Palmer Soil Moisture IndexEdit
Palmer drought index was developed in by Wayne Palmer in the 1960s to access the changing soil moisture levels using weather data to predict the amount of soil moisture in a region in a given month or week. Soil moisture is of vital importance to overall health of crops and for industrial agriculture. These indexes are able to recognize regions with abnormal drought-like conditions, and access the severity of those droughts. Palmer index maps of soil moisture factor in the duration of the dry conditions and the amount of moisture that is retained in the soil for plants to use. As a short term assessment they can be used to determine when and where droughts occur, and the severity of the drought compared to previous years.

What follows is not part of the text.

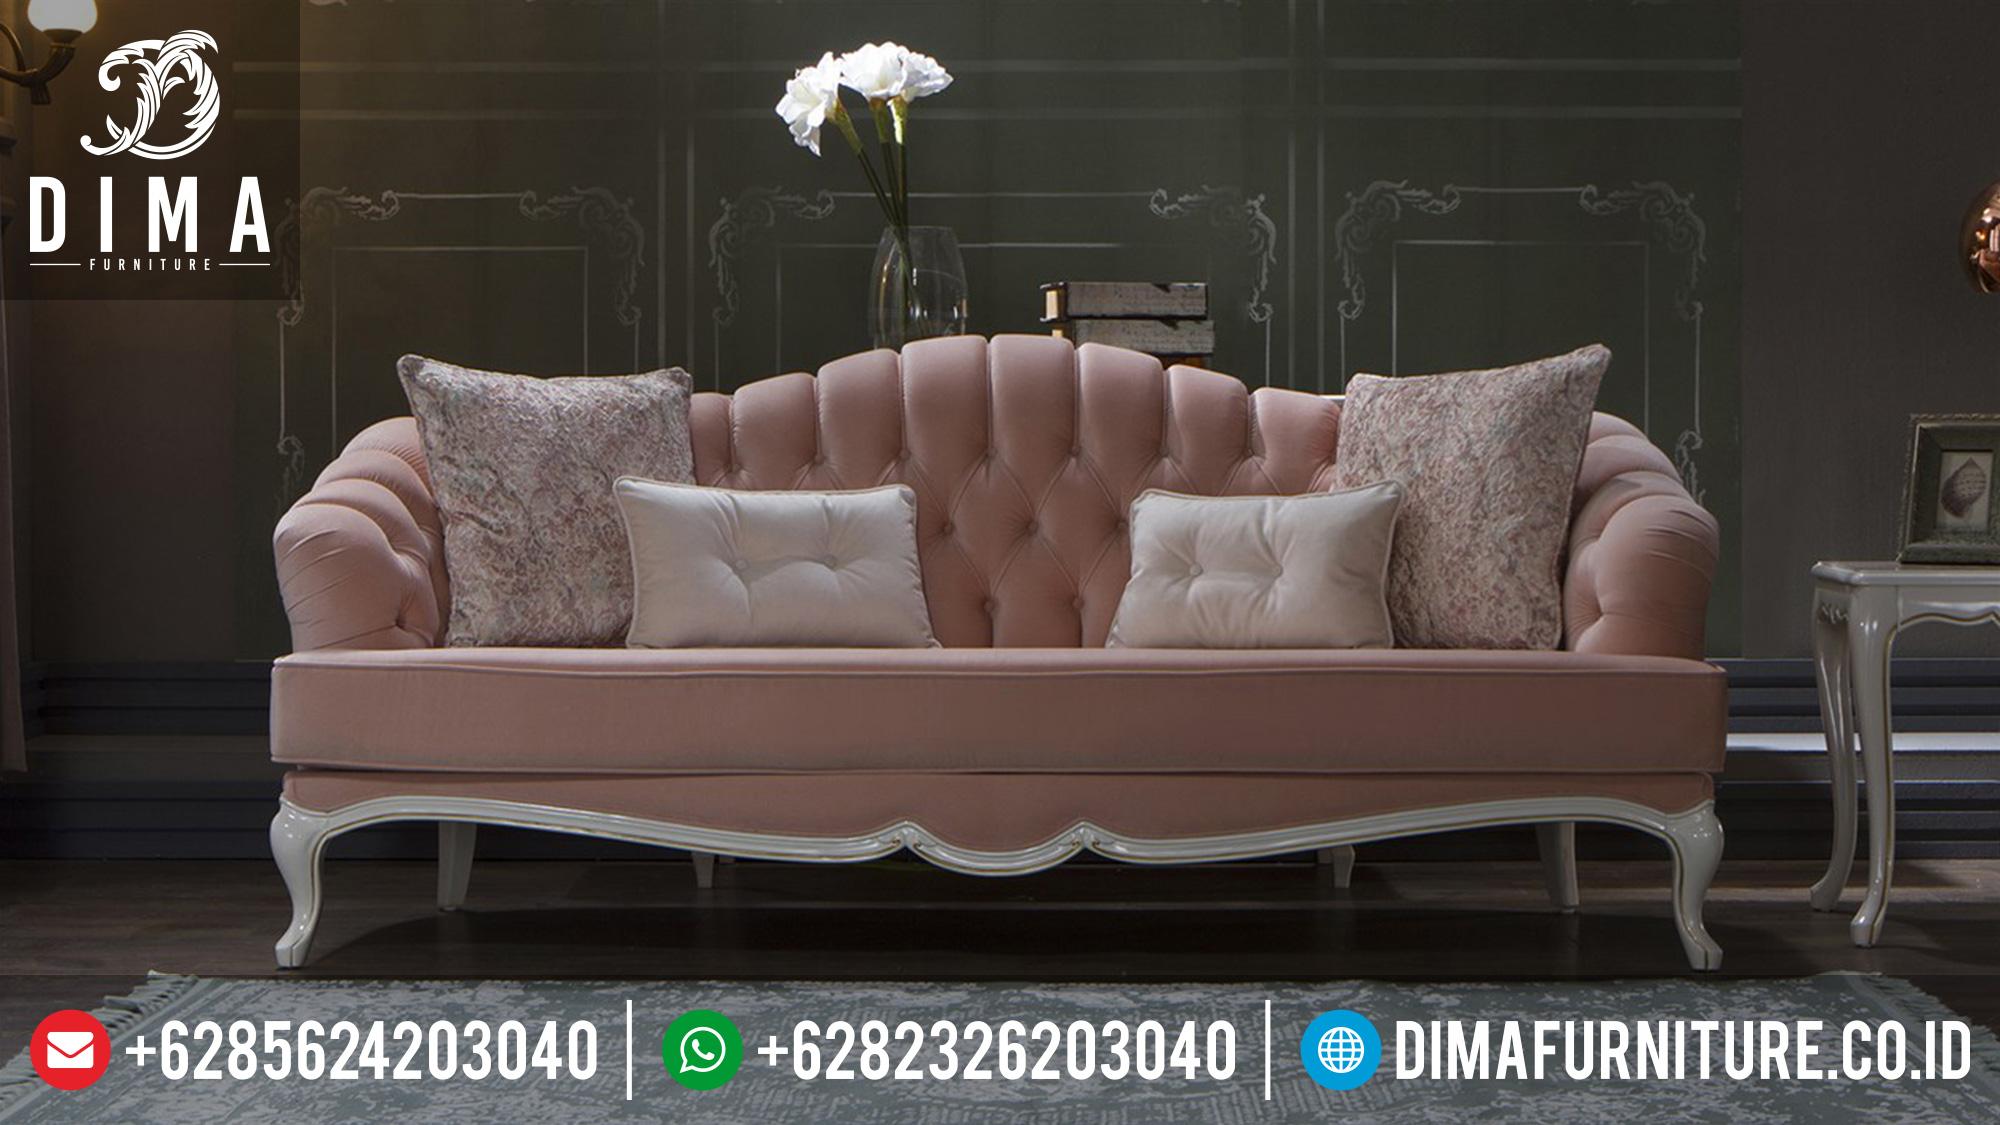 Sofa Tamu Jepara Mewah Minimalis Revita ST-0387 Gambar 3
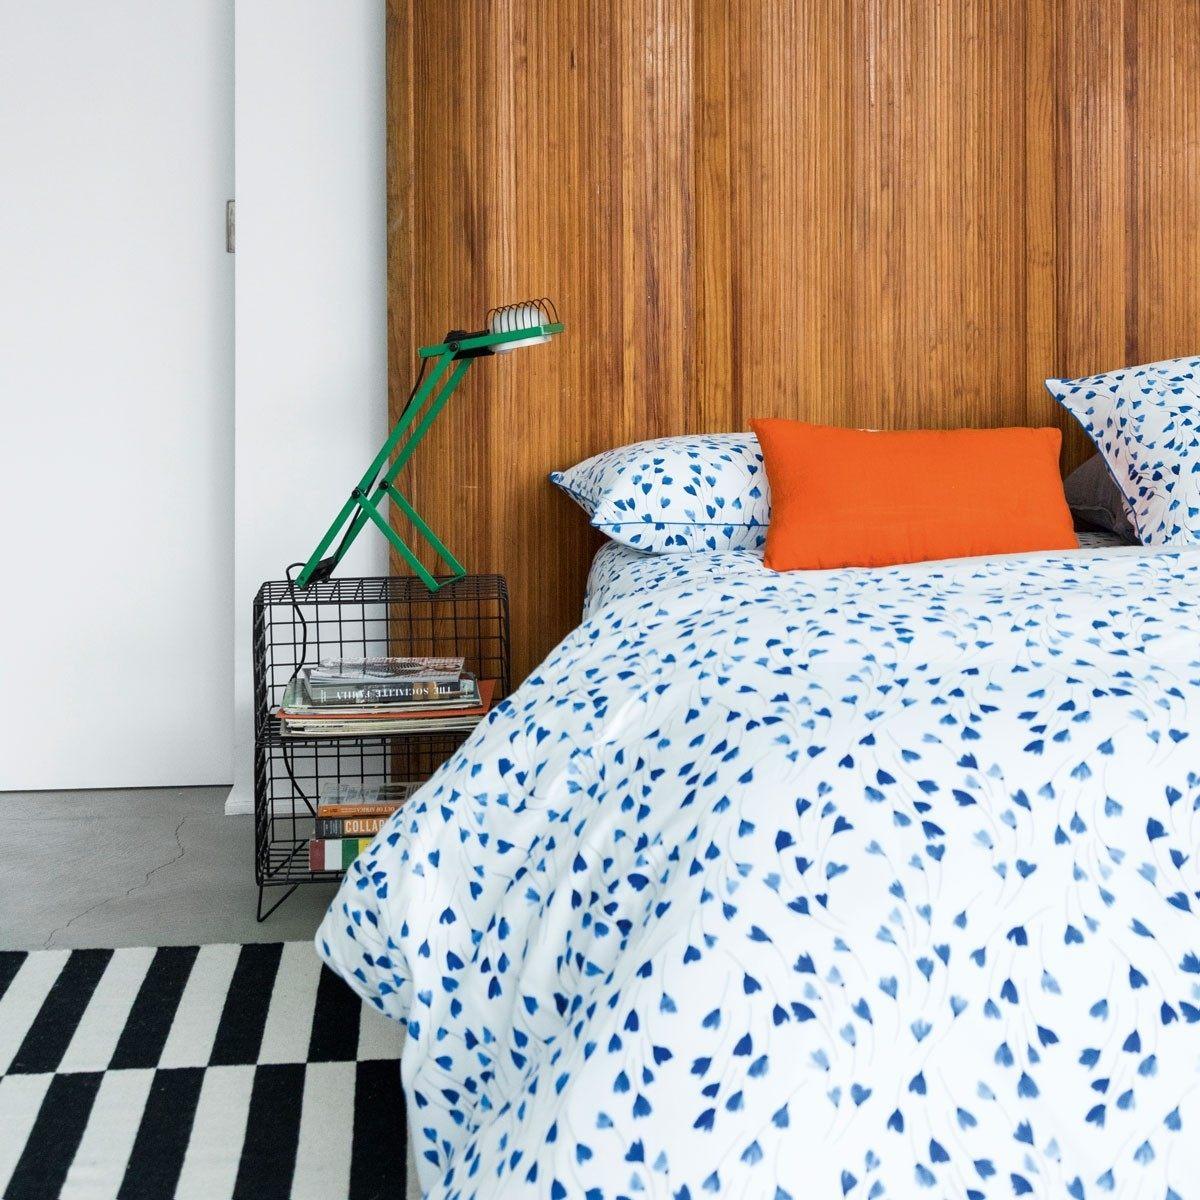 Parure de lit Olivier desforges Tocade Linge de lit haut de gamme

Most arable land on the surface of the Earth is disturbed by the rotation of crops, from planting to harvesting, tilling to seeding. Each year a farm is utilized this way, there is a risk of soil erosion, a result of exposed dirt and soil transported due to exposure to rain and wind. This erosion of the soil is particularly dangerous to the agricultural industry, because it rids the soil of the light organic rich matter that provides nutrients to plants and crops grown on the land. Alternating or laying a field fallow, as well as crop rotation can help maintain the soil, and re-generate new organic matter, but often this costs money in having a field not produce crops during a growing season. These trade-offs between planting or not planting can result in more barren crop lands, or longer termed returns on crops. Understanding the over-all health of the land and its soils is particularly challenging given the economic incentives to plant and harvest each year. With the risk of droughts and other weather changes, these farming can be a risky venture, even in the best of times. Protection of soil erosion is enormously important to maintain the yields of crops available for the long term, and help keep food prices from rising. Soils are a renewable resource, but it takes time for soils to reach organic levels necessary to produce high yields, often this is circumvented with the use of fertilizers. With the lack of organic matter, the soils are more prone to drought, due to increased evaporation, as well as erosion from wind and water.